Michael McCarthy was canoeing via the Intracoastal Waterway near St. Petersburg, Florida, when he found the acquainted flash of silver in the water ahead of him. A dolphin was swimming nearby, and she appeared to be cradling a small, limp body.
At first, McCarthy thought the dolphin had actually just caught her dinner, but as he saw, a heartbreaking scene unfurled prior to him.
” It took me a min to approve what I was seeing when I first spotted the dolphin,” McCarthy, the owner of the See Through Canoe Company, told The Dodo. “I intended to think it was a large redfish or something, but it rapidly became apparent that it was a dead calf.”.
McCarthy took out his camera and started shooting the mother dolphin’s funeral procession. She nuzzled the body of her calf bone, caressing it in a dance of grief.
Luckily, she had not been alone. A fellow dolphin swam together with her, in a seeming effort to secure and comfort his friend. “As the mother made her way north via the Intracoastal Waterway, various other dolphins joined her for short distances and after that went on their way,” McCarthy said, “except for one dolphin that stuck with the mom the whole time.”.
The calf bone appeared to be the sufferer of a run-in with a motorboat– something McCarthy has actually seen all too regularly. “Judging by the scar patterns on the calf it was most likely hit by a watercraft propeller,” McCarthy said. “I’ve spent the majority of my life on the water and a lot of time around manatees and dolphins so, unfortunately, I’m extremely familiar with what propeller wounds appear like.”.

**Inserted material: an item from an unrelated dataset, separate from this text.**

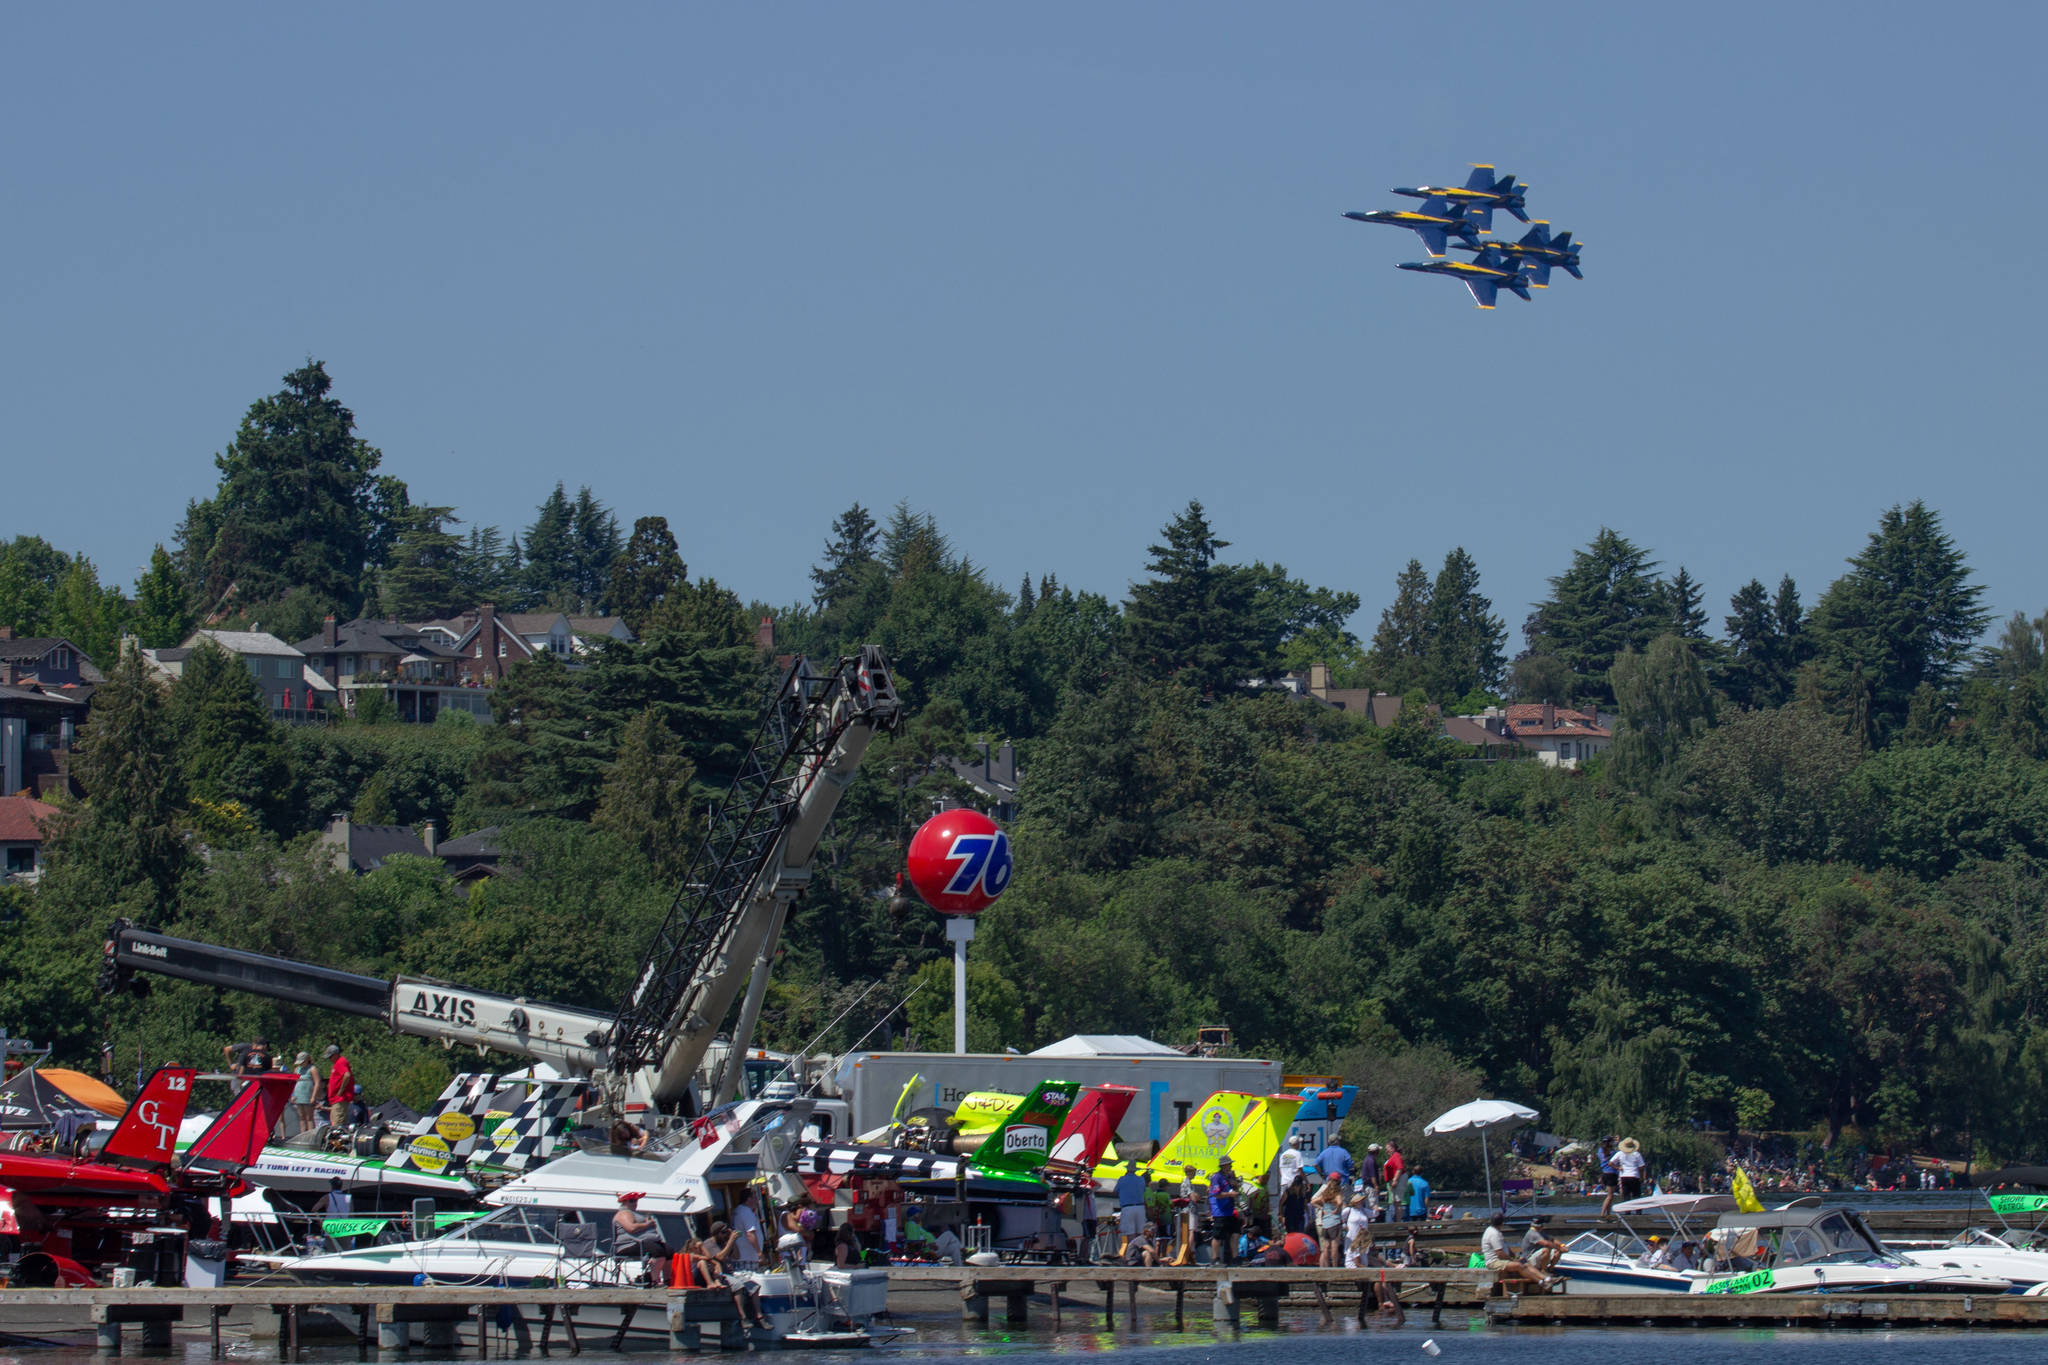 I-90 bridge to remain open during Seafair weekend.

This made McCarthy even more determined to capture the dolphin’s sorrow on film, in an effort to “assist raise awareness to a problem I see constantly,” he noted.
A common misconception among boaters is that dolphins are “too quick to get hit,” notes McCarthy, however that’s simply not true. “The calves are even more susceptible since they can not swim as quick and have to surface a lot more frequently for air,” he added.
Previous studies recommend that cetaceans – dolphins and whales – display mourning behaviors, especially mothers mourning their dead calves.